After some more research, I came up with this little monstrosity to build a custom token stream for that field.
public static TokenStream tokenStream(final String fieldName, Reader reader, Analyzer analyzer, final String item) {
final TokenStream ts = analyzer.tokenStream(fieldName, reader) ;
TokenStream res = new TokenStream() {
CharTermAttribute termAtt = addAttribute(CharTermAttribute.class);
PayloadAttribute payAtt = addAttribute(PayloadAttribute.class);
public boolean incrementToken() throws IOException {
while(true) {
boolean hasNext = ts.incrementToken();
if(hasNext) {
termAtt.append("test");
payAtt.setPayload(new Payload(item.getBytes()));
}
return hasNext;
}
}
};
return res;
}
When I take the token stream and iterate over all the results, prior to adding it to a field, I see it successfully paired the term and the payload. After calling reset() on the stream, I add it to a document field and index the document. However, when I print out the document and look at the index with Luke, my custom token stream didn't make the cut. The field name appears correctly, but the term value from the token stream does not appear, nor does either indicate the successful attachment of a payload.
This leads me to 2 questions. First, did I use the token stream correctly and if so, why doesn't it tokenize when I add it to the field? Secondly, if I didn't use the stream correctly, do I need to write my own analyzer. This example was cobbled together using the Lucene standard analyzer to generate the token stream and write the document. I'd like to avoid writing my own analyzer if possible because I only wish to append the payload to one field!
Edit:
Calling code
TokenStream ts = tokenStream("field", new StringReader("value"), a, docValue);
CharTermAttribute cta = ts.getAttribute(CharTermAttribute.class);
PayloadAttribute payload = ts.getAttribute(PayloadAttribute.class);
while(ts.incrementToken()) {
System.out.println("Term = " + cta.toString());
System.out.println("Payload = " + new String(payload.getPayload().getData()));
}
ts.reset();
It's very hard to tell why the payloads are not saved, the reason may lay in the code that uses the method that you presented.

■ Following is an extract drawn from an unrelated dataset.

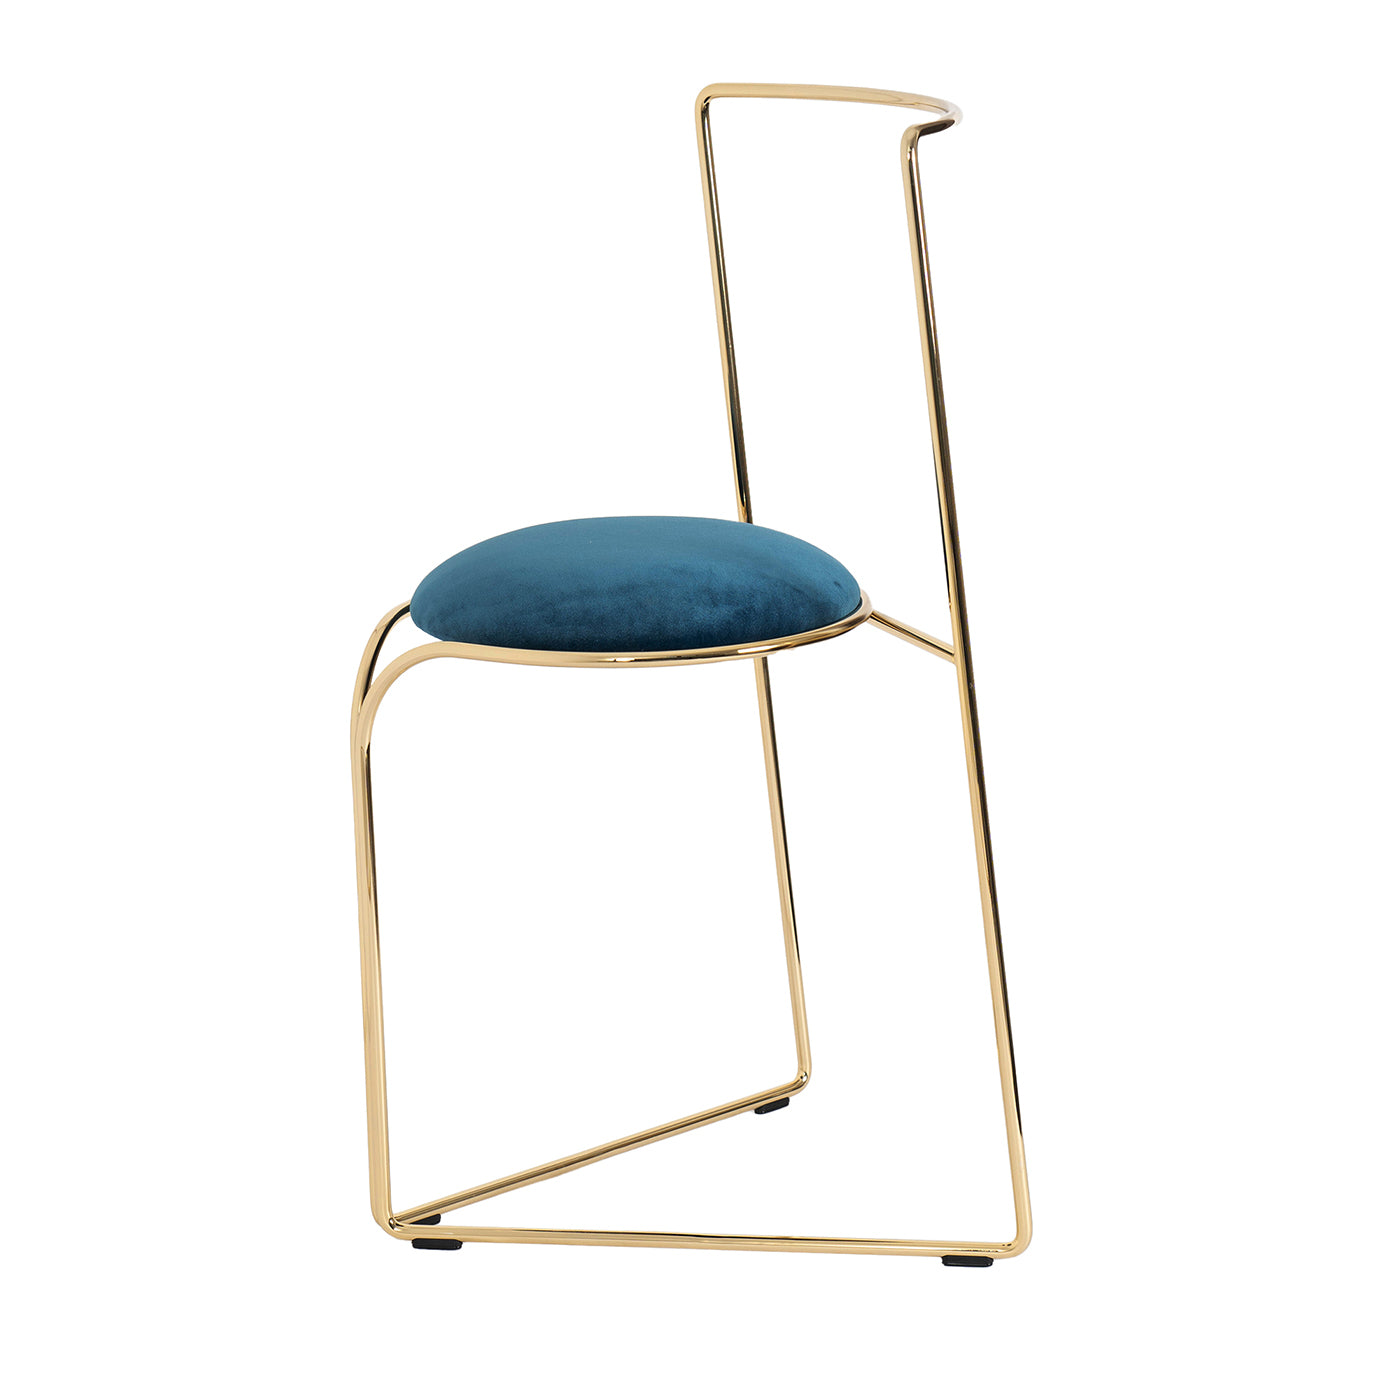 FLOW SCULPTURAL MINIMAL GOLD AND BLUE CHAIR - Main view

The most convenient way to set payloads is in a TokenFilter -- I think that taking this approach will give you much cleaner code and in turn make your scenario work correctly. I think that it's most illustrative to take a look at some filter of this type in Lucene source, e.g. TokenOffsetPayloadTokenFilter. You can find an example of how it should be used in the test for this class.
Please also consider if there is no better place to store these hyperlinks than in payloads. Payloads have very special application for e.g. boosting some terms depending on their location or formatting in the original document, part of speech... Their main purpose is to affect how the search is performed, so they are normally numeric values, efficiently packed to cut down the index size.
I might be missing something, but...
You don't need a custom tokenizer to associate additional information to a Lucene document. Just store is as an unanalyzed field.
doc.Add(new Field("fname", "Joe", Field.Store.YES, Field.Index.ANALYZED));
doc.Add(new Field("job", "Plumber", Field.Store.YES, Field.Index.ANALYZED));
doc.Add(new Field("link","http://www.example.com", Field.Store.YES, Field.Index.NO));
You can then get the "link" field just like any other field.
Also, if you did need a custom tokenizer, then you would definitely need a custom analyzer to implement it, for both the index building and searching.